I myself ignored the negative reviews bought the book anyways and paid for it with several hours of suffering through this book (there are very few books that I would describe as suffering). Please do not make the same mistake as me... here are some much better books...
Predictably Irrational, Revised and Expanded Edition: The Hidden Forces That Shape Our Decisions - a great book that covers a similar idea... basically we think we are rational people that make decisions based on logical thinking... but in reality there are several times when we don't make rational choices. The author brings up several real life situations that I'm sure we think about ourselves and does lots of experiments to test and understand our thinking. This author is not only intelligent (Columbia undergrad, PhD Cognitive Psychology at UNC Chapel Hill, PhD Business Duke, Professor at MIT and later Duke), but is a good writer (i.e. he can write nice, clean, concise sentences that get his ideas across) and his a bit of dry humor. I highly recommend this.
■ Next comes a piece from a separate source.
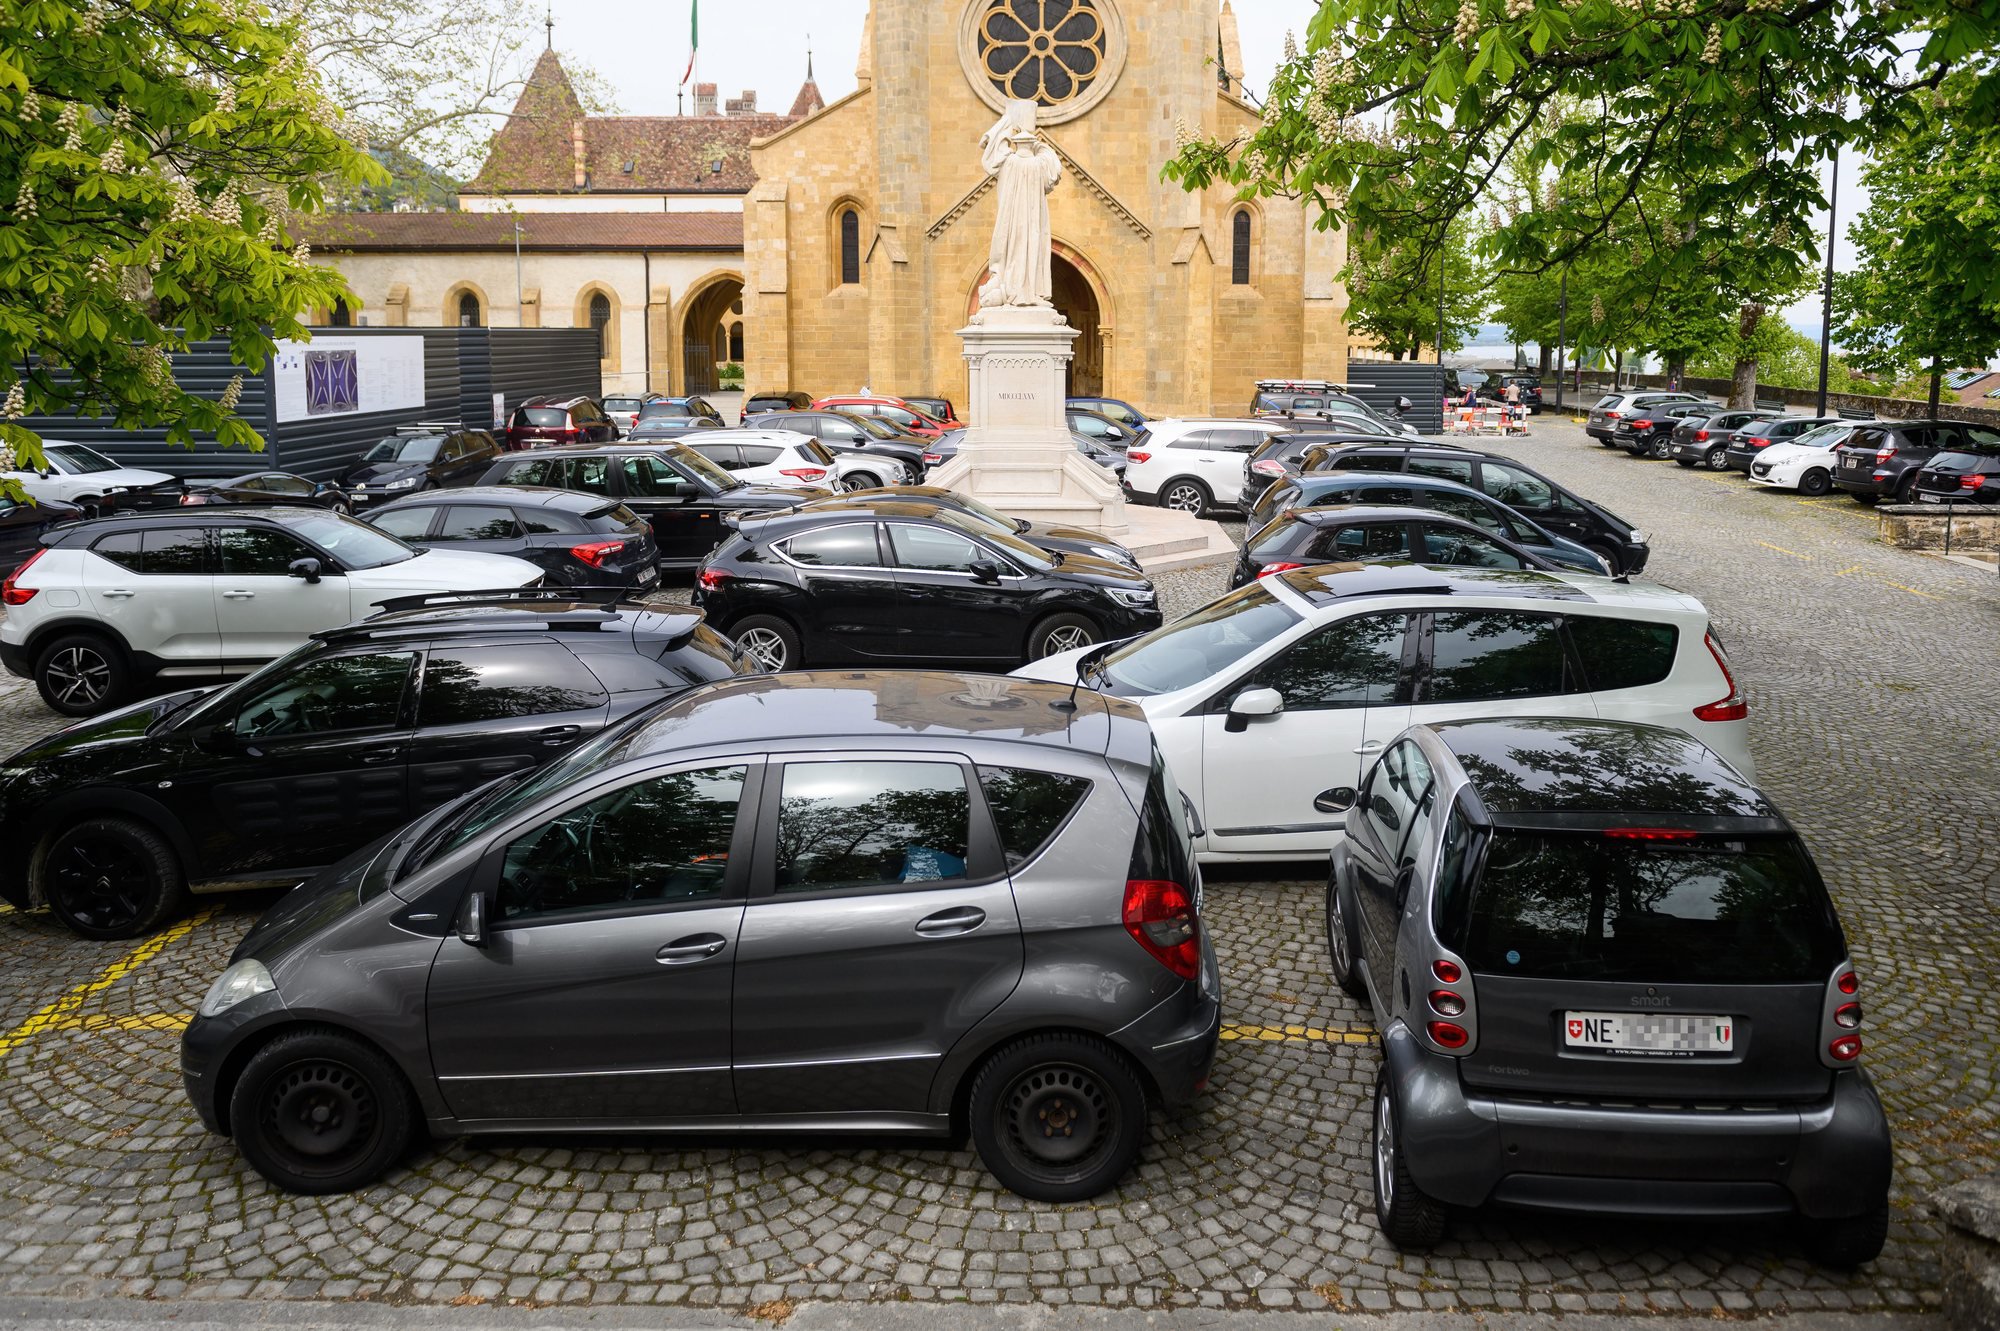 Durant les sessions du Grand Conseil neuchâtelois, nombre de députés garent leur voiture sur le parvis de la collégiale.

Brain Rules: 12 Principles for Surviving and Thriving at Work, Home, and School - an interesting book by Molecular Biology at University of Washington that talks about how the brain works. He does keep things pretty simply though... so anyone who as taken a Intro to Psychology course in college will bit of the information as commonplace (but there are a few interesting things in there). Also his writing seems to feel like he's doing a live college lecture more than a book (that's just me). I somewhat recommend this.
Freakonomics: A Rogue Economist Explores the Hidden Side of Everything (P.S.) The book that help start the entire genre. Very interesting. Highly recommend this one.